Abstract

The binding of rhodamine B (RB) to human serum albumin (HSA) in the absence and presence of Cu²⁺ or Fe³⁺ under simulated physiological conditions was studied by using various biophysical methods for the first time. The results showed that the interaction between HSA and RB could spontaneously result in the formation of HSA-RB complex (namely, static quenching mechanism) through hydrophobic interactions and hydrogen bonds irrespective of the absence or presence of metal ions. The presence of metal ions led to the reduction of binding affinity of RB to HSA compared with no metal ions, which might result from the conformational change of HSA caused by the binding of metal ions.
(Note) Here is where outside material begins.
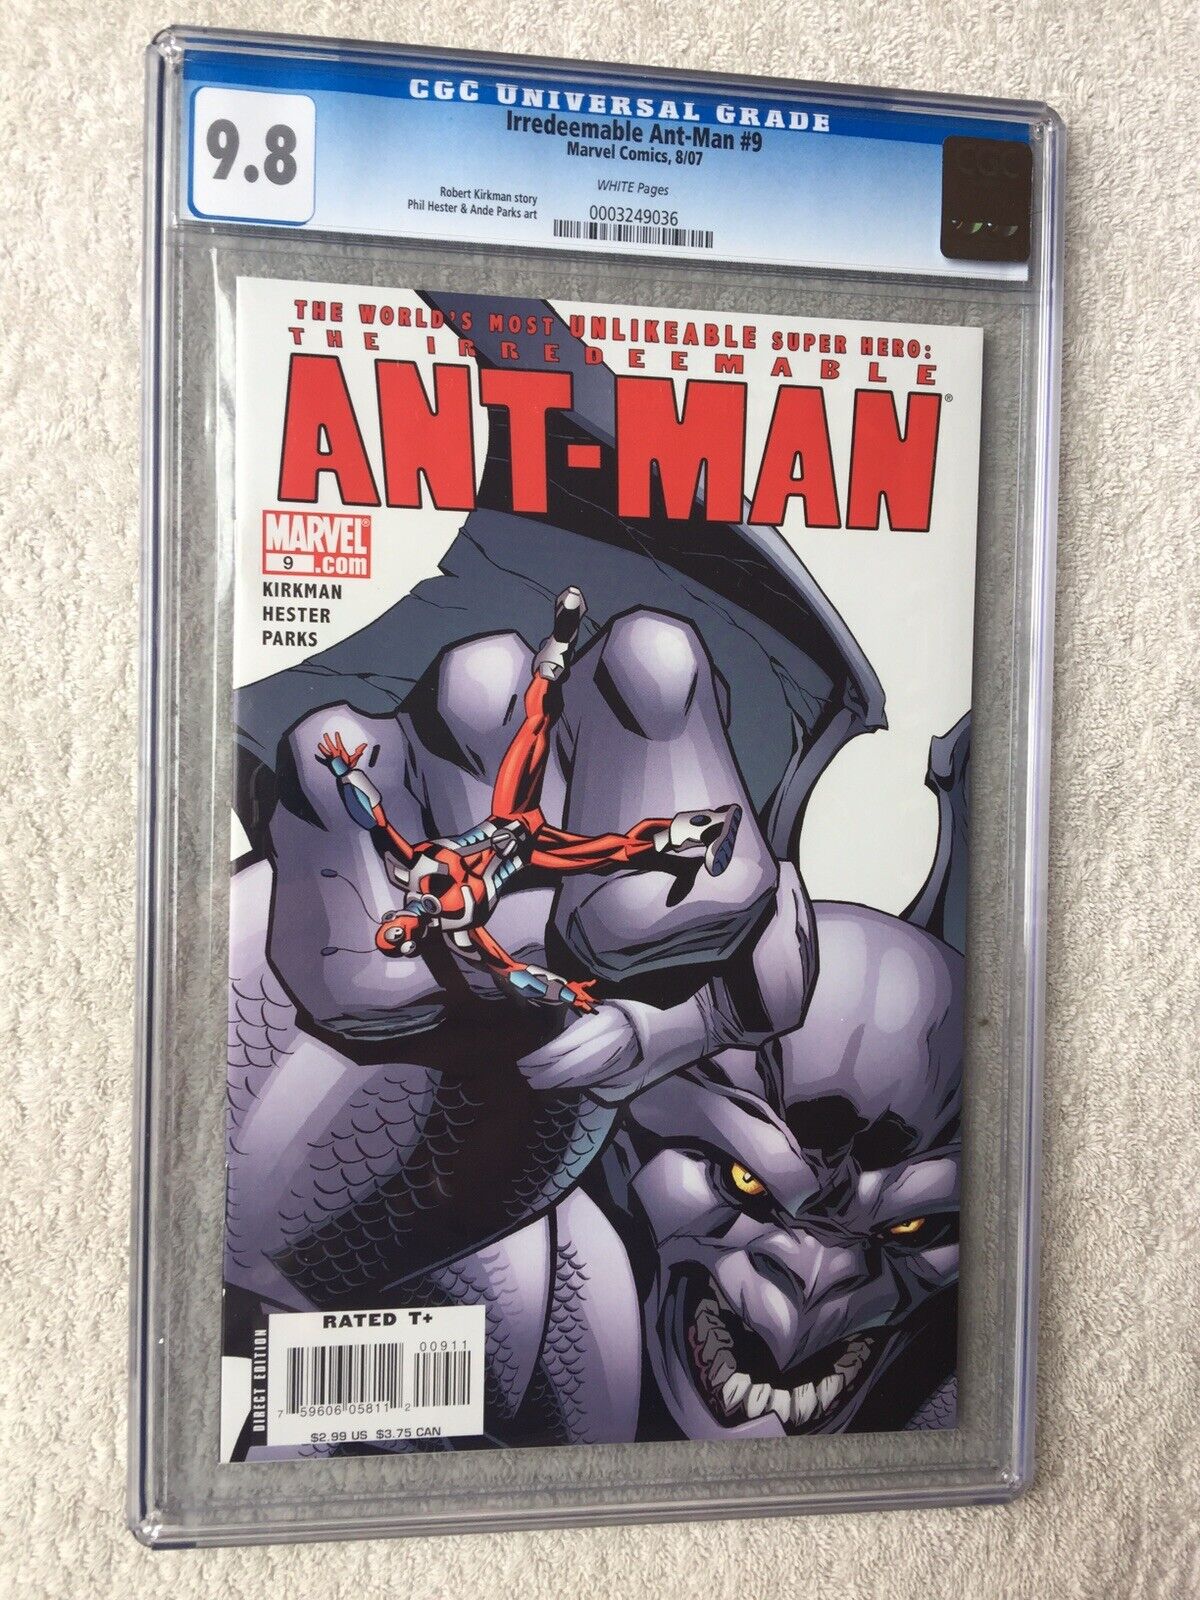 The Irredeemable Ant Man #9 Marvel August 2007 CGC 9.8 White Pages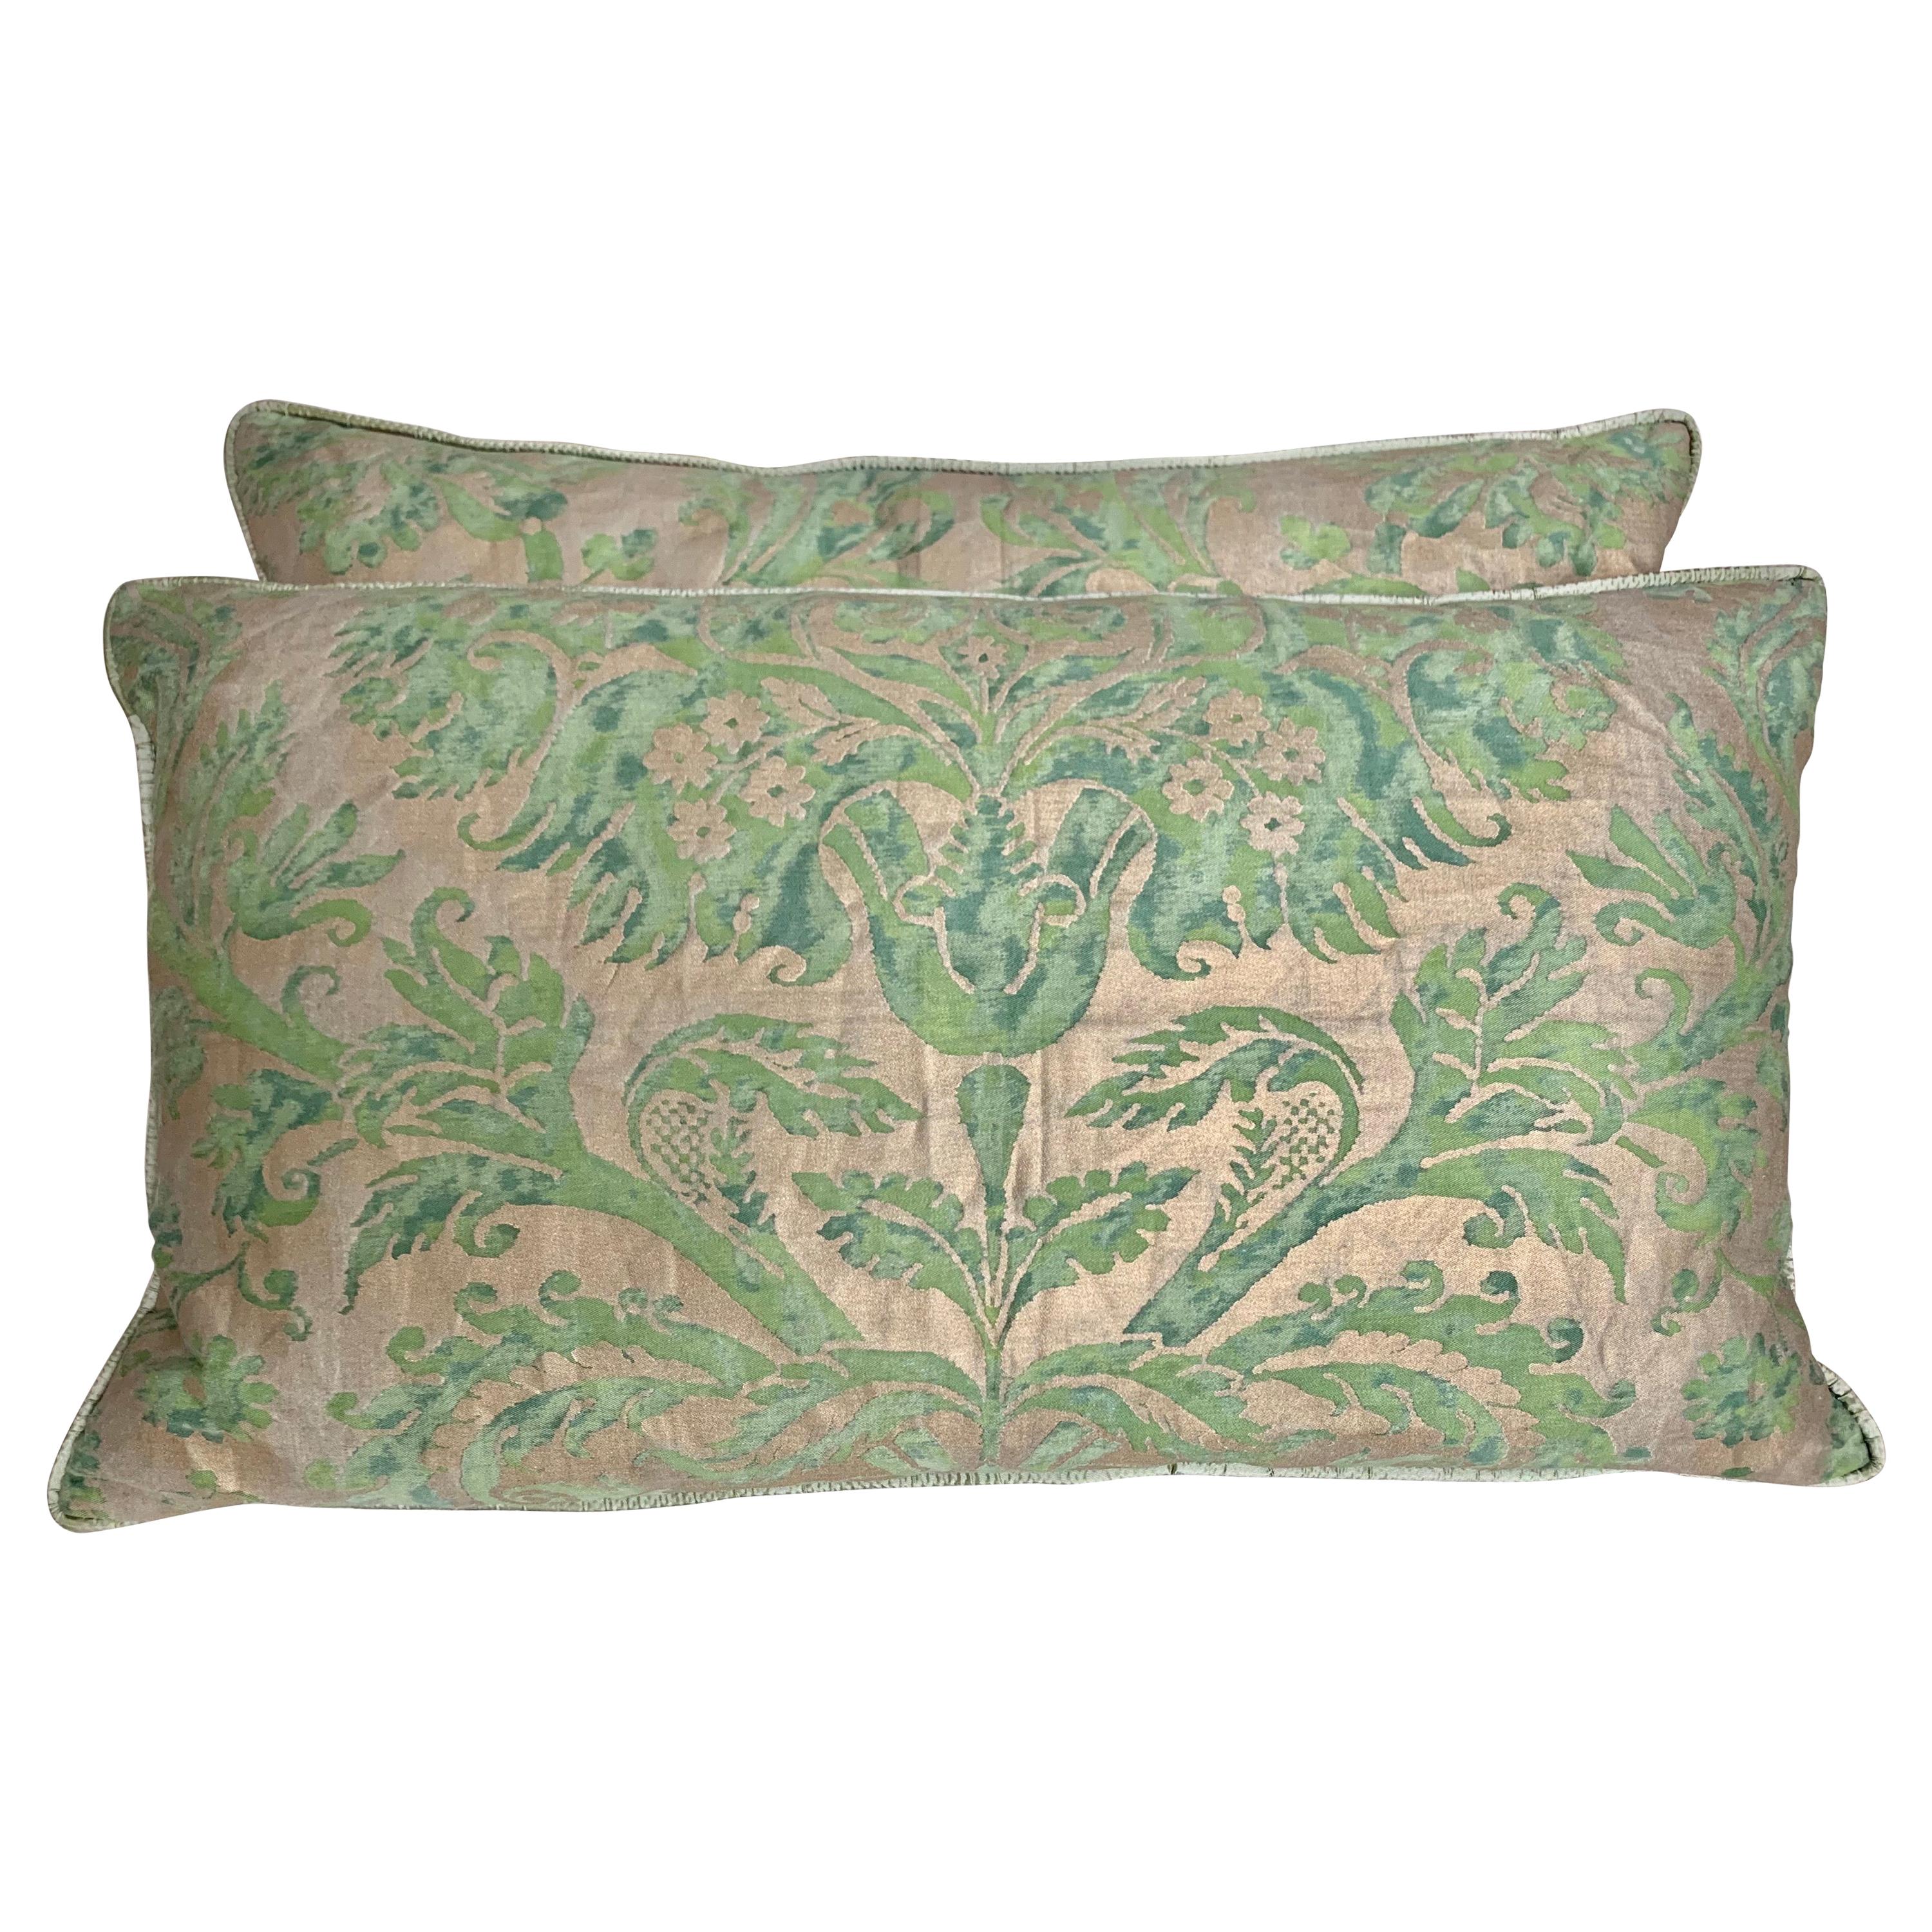 Pair of Unique Blue & Green Custom Fortuny Pillows

Furthermore, the analysis of UV-vis absorption, circular dichroism, synchronous fluorescence and three-dimensional fluorescence experiments demonstrated that the addition of RB induced conformational and microenvironmental changes of HSA without and with metal ions. In short, this work will be helpful to in-depth understand the transport mechanism and biological effect of RB and the effect of metal ions on the interaction of HSA-RB in vivo.

抽象的

在不存在和存在Cu ²⁺或Fe ³⁺的情况下，若丹明B（RB）与人血清白蛋白（HSA）的结合在模拟的生理条件下，首次使用各种生物物理方法进行了研究。结果表明，无论是否存在金属离子，HSA与RB之间的相互作用均可通过疏水相互作用和氢键自发形成HSA-RB配合物（即静态猝灭机理）。与没有金属离子相比，金属离子的存在导致RB与HSA的结合亲和力降低，这可能是由于金属离子的结合导致HSA的构象变化所致。此外，对紫外可见吸收，圆二色性，同步荧光和三维荧光实验的分析表明，添加RB会导致无金属离子和含金属离子的HSA的构象和微环境变化。简而言之，体内。